If true, Kavanaugh’s claim would mean the Los Angeles region is home to 77 percent of the state’s unauthorized migrant population and 18 percent of the nation’s, as compared to DHS’s evaluation. Similarly, Kavanaugh’s figure attributes to the Los Angeles area 87 percent of California’s unauthorized migrant population and 14 percent of the nation’s unauthorized migrant population as compared to Pew’s analysis. This hard-to-believe and unsubstantiated assertion suggests that the court would have benefited from the kind of detailed fact-finding and briefing common of its merits docket.
In addition to not identifying a source for his assertion, Kavanaugh does not explain how he reached his 15 million figure. In its brief requesting the Supreme Court’s intervention, the Justice Department made a similar claim about the seven-county judicial district, including L.A., where immigration agents’ tactics are being challenged. If that’s the source of Kavanaugh’s assertion, a citation would have been helpful.
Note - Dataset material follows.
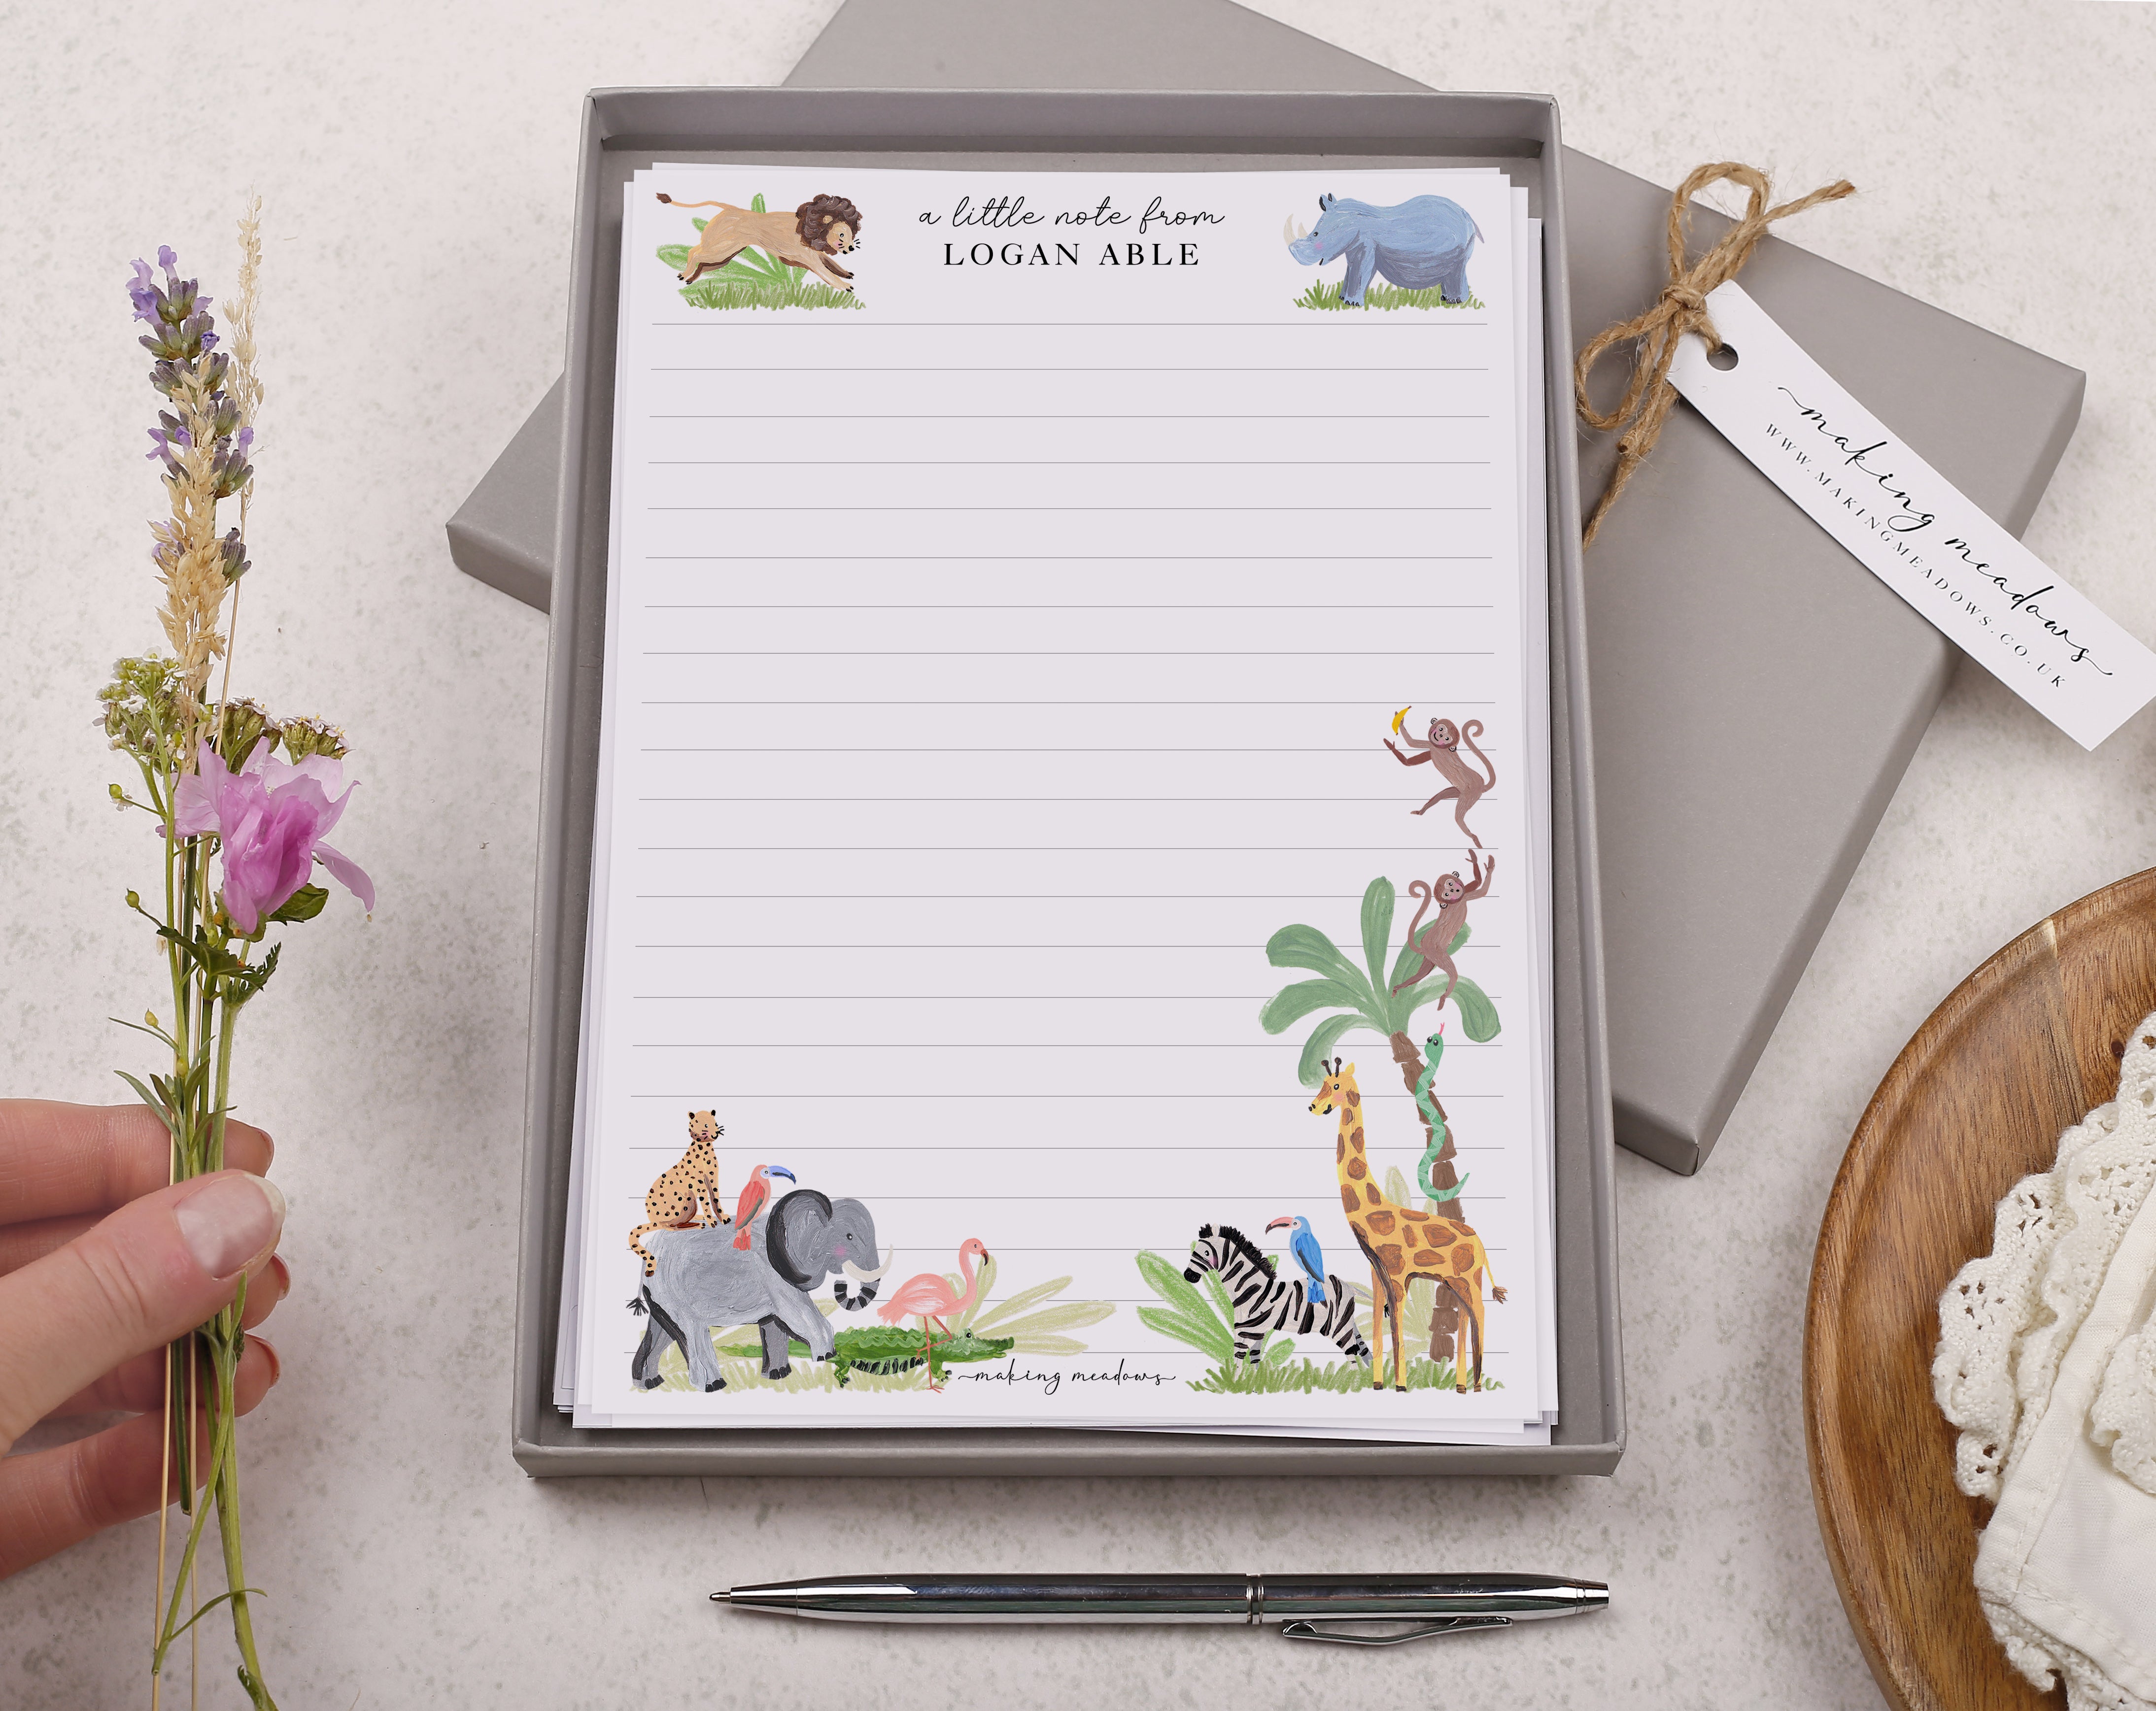 Premium personalised A5 letter writing paper set for children with safari animals in the jungle design.

Kavanaugh’s uncorroborated assertion isn’t just problematic for its lack of citation. It’s also problematic legally. In immigration law, the difference between having the government’s permission to live here and not having it isn’t just a quirk – it’s everything that matters. People who have been granted TPS, DACA, parole, or any number of other benefits acquire permission to live here. They might lose that permission in the future, but until then, they have permission to live here. Their hold on the future might be “liminal” – as migration scholars have described – but their hold on the present is stark: the government has granted them permission to live here.
Despite not explaining who he is referring to or how he came to this statistic, Kavanaugh does not shy away from given it constitutional significance. In United States v. Brignoni-Ponce, a 1975 decision that Kavanaugh, like the Justice Department, relies on heavily, the Supreme Court allowed Border Patrol agents to consider “Mexican appearance” when deciding who to stop and question about their immigration status. Justice Lewis Powell justified the court’s conclusion by explaining that, according to the government, “there may be as many as 10 or 12 million aliens illegally in the country,” with 85 percent hailing from México. The U.S. Court of Appeals for the Ninth Circuit later cabined Brignoni-Ponce’s embrace of racial profiling in part by noting that the demographic composition of the United States that the Supreme Court relied on in 1975 no longer reflected the nation’s population.
Kavanaugh doesn’t seem to think it relevant that the number of actually unauthorized migrants has not changed much, or may have gone down, in the 50 years since Brignoni-Ponce was decided, but the total population has grown by almost 130 million. The “extraordinary numbers” of unauthorized migrants in the L.A. region justify racial profiling. But if he is going to give immense constitutional significance to data, he needs to tell us where it came from and what it means. Without that he risks appearing to parrot what the Trump administration claims, perhaps hopeful that no one will ask for more.